GCSA 17 — Amalgamation transfer, division of conversion of societies.

Gujarat Co-operative Societies Act, 1961

Statutory text

(1) Subject to the provisions of the rules and the previous sanction of the Register a society may, by resolution passed by two-thirds majority of the members present and voting at a special general meeting held for the purpose, decide—

(a) to amalgamate with another society;

(b) to transfer its assets and liabilities, in whole or in part, to any other society;

(c) to divide itself into two or more societies;

(d) to convert itself into another class of society; or (e) to change its object.

(2) Where the amalgamation, transfer, division or conversion referred to in sub-section (1) involves a transfer of the liabilities of society to any other society, the Registrar shall not sanction the resolution of the society unless he is satisfied that—

(i) the society, after passing such resolution, has given notice thereof in writing to all its members, creditors and other persons whose interests are likely to be affected (hereinafter, in this section referred to as "other interested persons"), giving the option, to be exercised within one month from the date of the receipt of such notice, of becoming members of any of the new societies, or continuing their membership in the amalgamated or converted society, or of withdrawing their investments in its shares, their deposits and loans and demanding payment of their other dues, if any, (ii) all the members and creditors and other interested persons, have assented to the decision, or are deemed to have assented thereto by having failed to exercise the option within the period specified, have been met in full.

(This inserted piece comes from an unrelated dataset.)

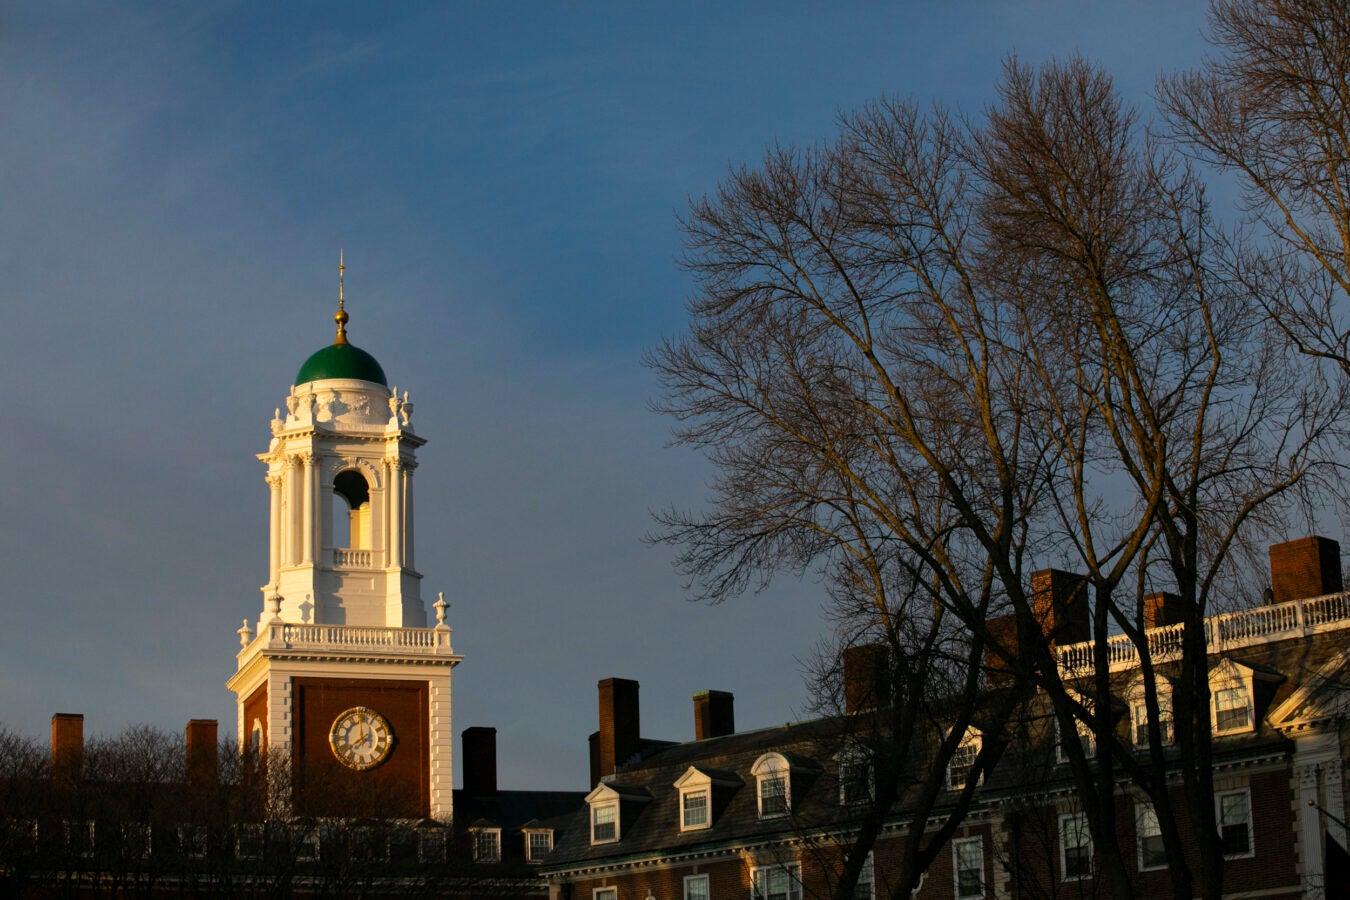 The cupola with green dome of Eliot House is pictured.
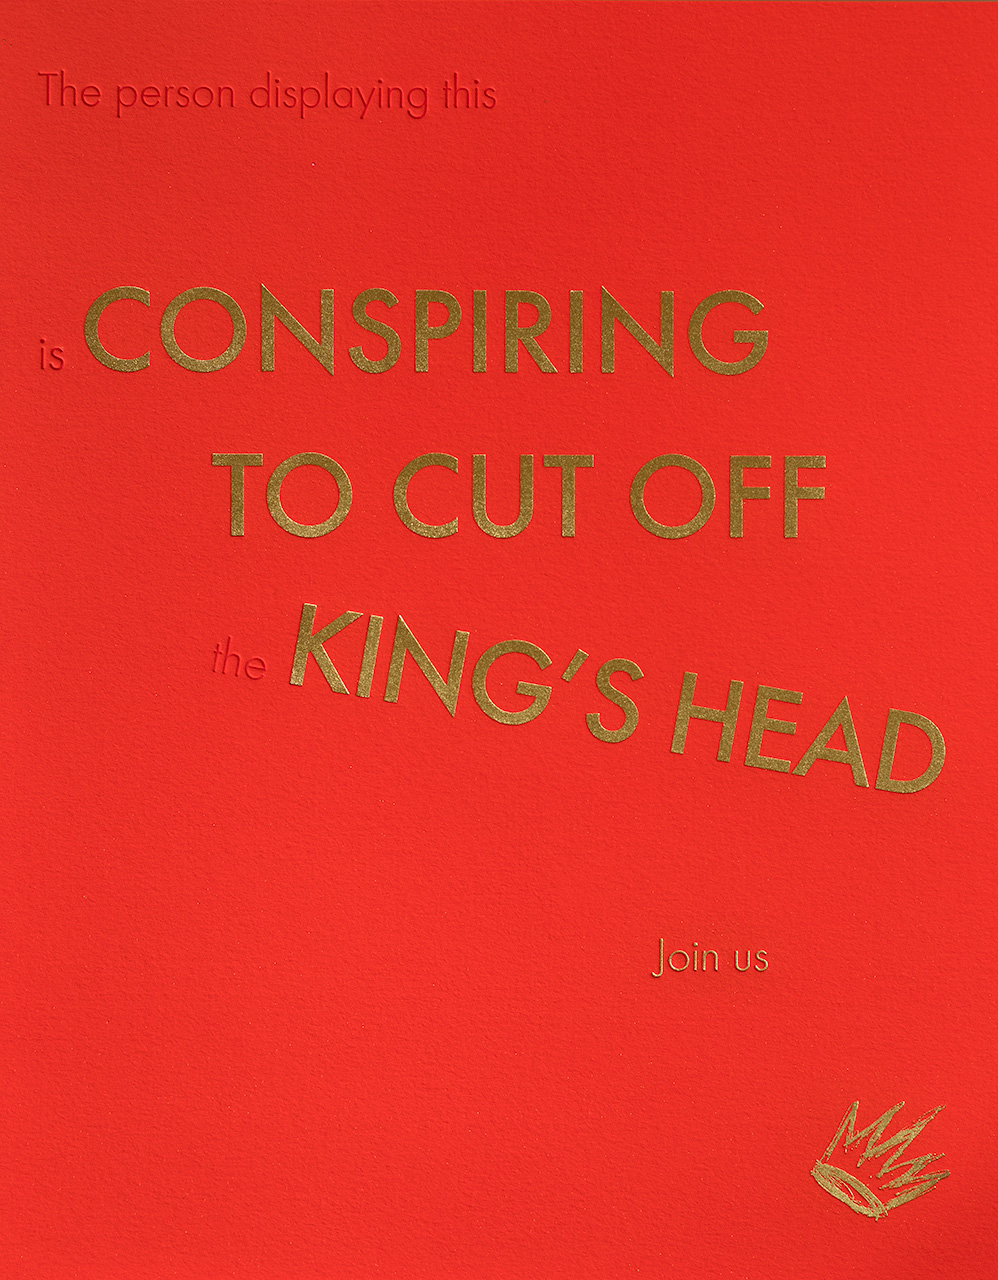 Conspiring to Cut off the King’s Head, 2017, 11 x 14 inches, screen print

(iii) All claims of members and creditors and other interested persons, who exercise the option within the period specified, have been met in full.

(3) Notwithstanding anything contained in the Transfer of Property Act, 1882, or the Indian Registration Act, 1908, in the event of division or conversion, the registration of the new societies or, as the case may be, of the converted society, and in the event of amalgamation, on the amalgamation the resolution of the societies concerned with amalgamation, shall in each case be sufficient conveyance to vest the assets and liabilities of the original society or amalgamating societies in the new societies or converted or amalgamated society, as the case may be.

(4) The amalgamation, transfer, division or conversion made under this section shall not affect any right or obligation of the societies so amalgamated, or of the society so divided or converted, or of the transferee, or render defective any legal proceedings which might have been continued or commenced by or against the societies which have been amalgamated, or divided or converted; and accordingly such legal proceedings may be continued or commenced by or against the amalgamated society, the converted society, the new societies or the transferee, as the case may be. amalgamation of these societies into a single society or, as the case may be, for the re-organization of that society, with such constitution, property rights, interests and authorities, and such liabilities, duties and obligations as may be specified in the order. Such order may also provide for the constitution of the committee of management or any other committees of the new amalgamated, or re-organized society, the persons who shall be, or continue to be, the officers of such society and the period after which such committee or committees may be re-constituted.

(2) No order shall be made under this section unless,—

(a) a copy of the draft of the proposed order has been sent to the society or each of the societies concerned;

(b) the Register has considered suggestions and objections if any received either form the society or from any member or class of members thereof or form any creditor or class of creditors within such period (not being less then one month from the date on which the copy of the order as aforesaid was received by the society) as the Registrar may fix in that behalf, and has, if necessary, modified the same in the light of such suggestions and objections.

(3) The order referred in sub-section (1) may contain such incidental, consequential and supplemental provisions as may, in the opinion of the Registrar, be necessary to give effect to the amalgamation or re-organization.

(4) Every member of each of the societies so amalgamated, shall be deemed to be a member of the new amalgamated society, and every member of the society so re-organized shall be deemed to be a member of the new re-organized society and all such members shall have all rights, privileges and liabilities of the members of the concerned new societies:

Provided that any member of the new society so amalgamated, or re-organized may, within such period and in such manner as may be prescribed, resign his membership of the new society and on such resignation he shall be entitled to withdraw his share and any other dues and interest in the society.

(5) (a) On the issue of an order under sub-section (1) in respect of any societies or society, notwithstanding anything contained in any law for the time being in force, all the assets, rights and liabilities of the amalgamating societies, or, as the case may be, the original society which is re-organized shall stand transferred to, and vest in, the new amalgamated society, or, as the case may be, the new re-organized society;

(b) the provisions of sub-section (3) and (4) of section 17 and the provisions of section 18 shall apply in relation to the amalgamation or re-organization of the societies under this section as if —

(i) the order of amalgamation were a resolution of societies concerned with amalgamation, and (ii) the original society was re-organized under section 17.]